In this article, I’ll describe a traditional machine learning workflow and then compare it to an MLOps-driven approach to show why it's highly relevant in the current AI landscape.
The traditional machine learning workflow
Traditional machine learning workflows are isolated. They are either on the developer's machine or another single development environment. While these can be accessible, like Google Collab notebooks, they are not scalable, nor do they offer features like dataset versioning or automated deployments.
In these traditional workflows, data is gathered from various sources like databases, logs, and external datasets. It then needs to be manually reviewed and cleaned to remove duplicates, correct errors, and fill in missing values. Dataset separation for training, validation, and evaluation is done by hand. In addition, transformations such as normalization or feature extraction have to be done manually. Automation is non-existent in this traditional process, which is not easily reproducible. As a result, collaboration between your ML developers, ops team, and data scientists becomes incredibly challenging.
During the model training phase, the training process is usually run on local machines or single servers without any automation or optimization frameworks. Instead, the models are trained and tested by launching scripts. Cross-validation can ensure the model generalizes effectively, but this isn't automated. Meanwhile, the deployment process involves exporting the model to a file and moving it to a server manually or with some loading and serving scripts. Monitoring consists of periodically checking logs and dashboards to ensure the system runs as expected.

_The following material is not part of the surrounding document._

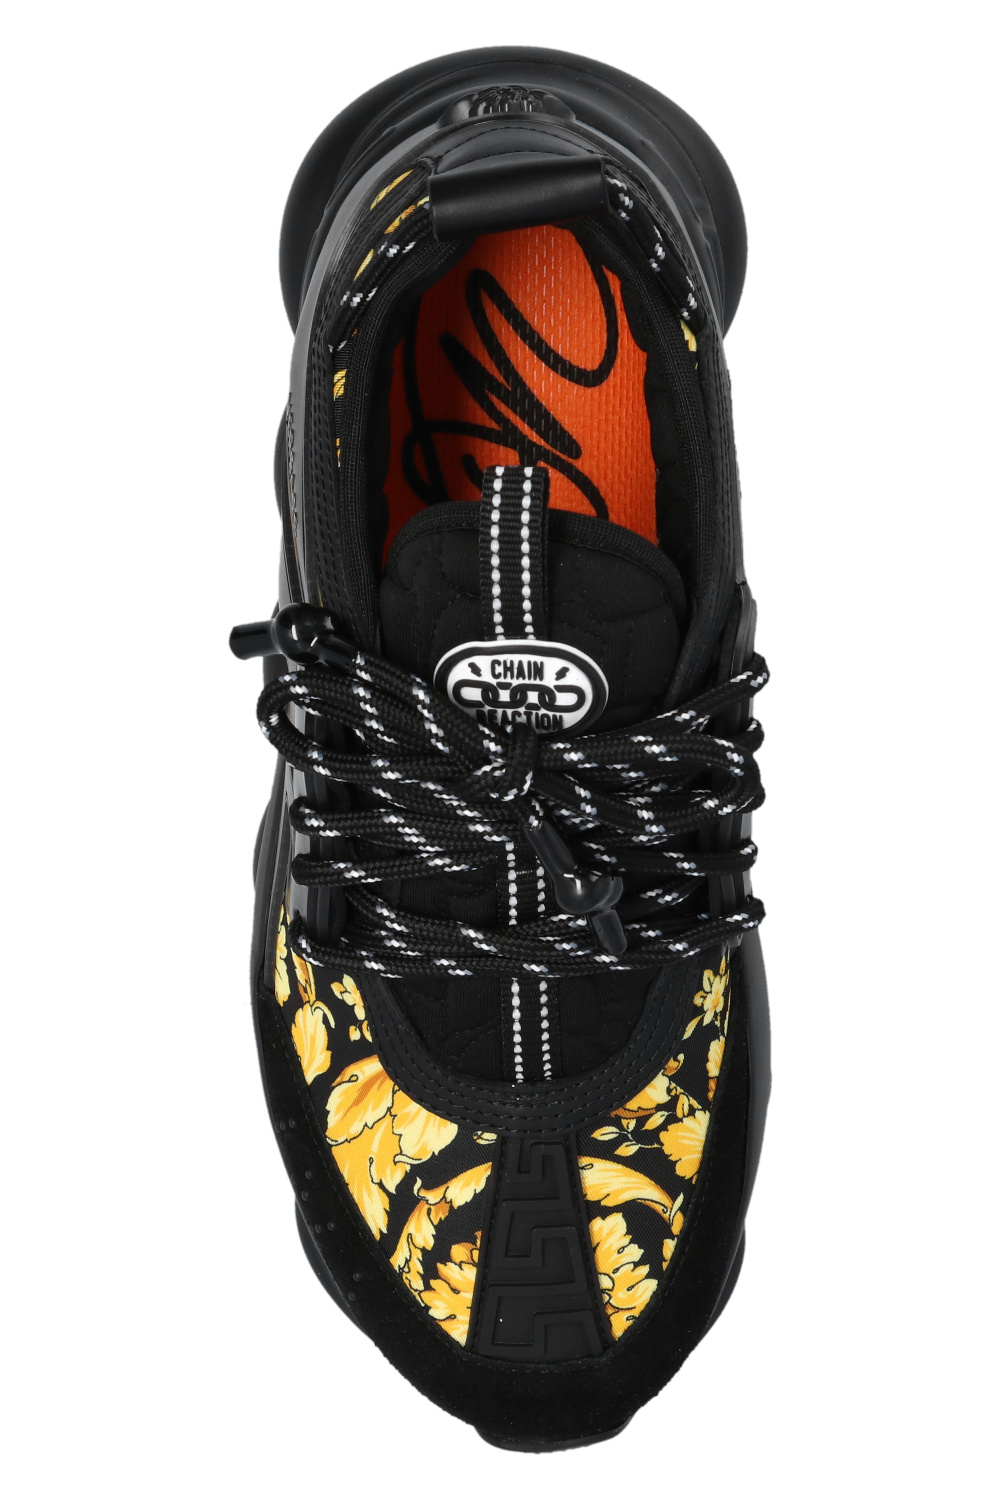 VERSACE - Chain Reaction Red White Blue & Yellow size 11 USA, 44 EUR

And old-school ML workflows face even more issues. These include challenges related to data scaling, tracking and repeating experiments, deployments, and keeping up with model performance. On top of all of that, traditional processes result in barriers between ML engineers, data scientists, and operations teams because they lack a common, integrated platform for model development and releases.
In summary, standard machine learning pipelines involve:
- Manual Integration: Most steps rely heavily on human intervention, which are prone to mistakes.
- Siloed Workflow: Data scientists, engineers, and IT operations work in silos with minimal collaboration and communication.
- Limited Reproducibility: Reproducing experiments and training models is difficult due to a lack of version control for data, code, and models.
- Ad-hoc Monitoring: Model performance and system health monitoring aren't systematic. This makes it challenging to detect and respond to issues quickly.
- Lack of Scalability: Scaling the process is difficult, as the infrastructure isn't designed for continuous and large-scale operations.
These pipelines have often proven inefficient and error-prone, which has led to the development of new practices to fix these problems. MLOps does this by adding more automation, integration, and collaboration across the whole machine learning lifecycle.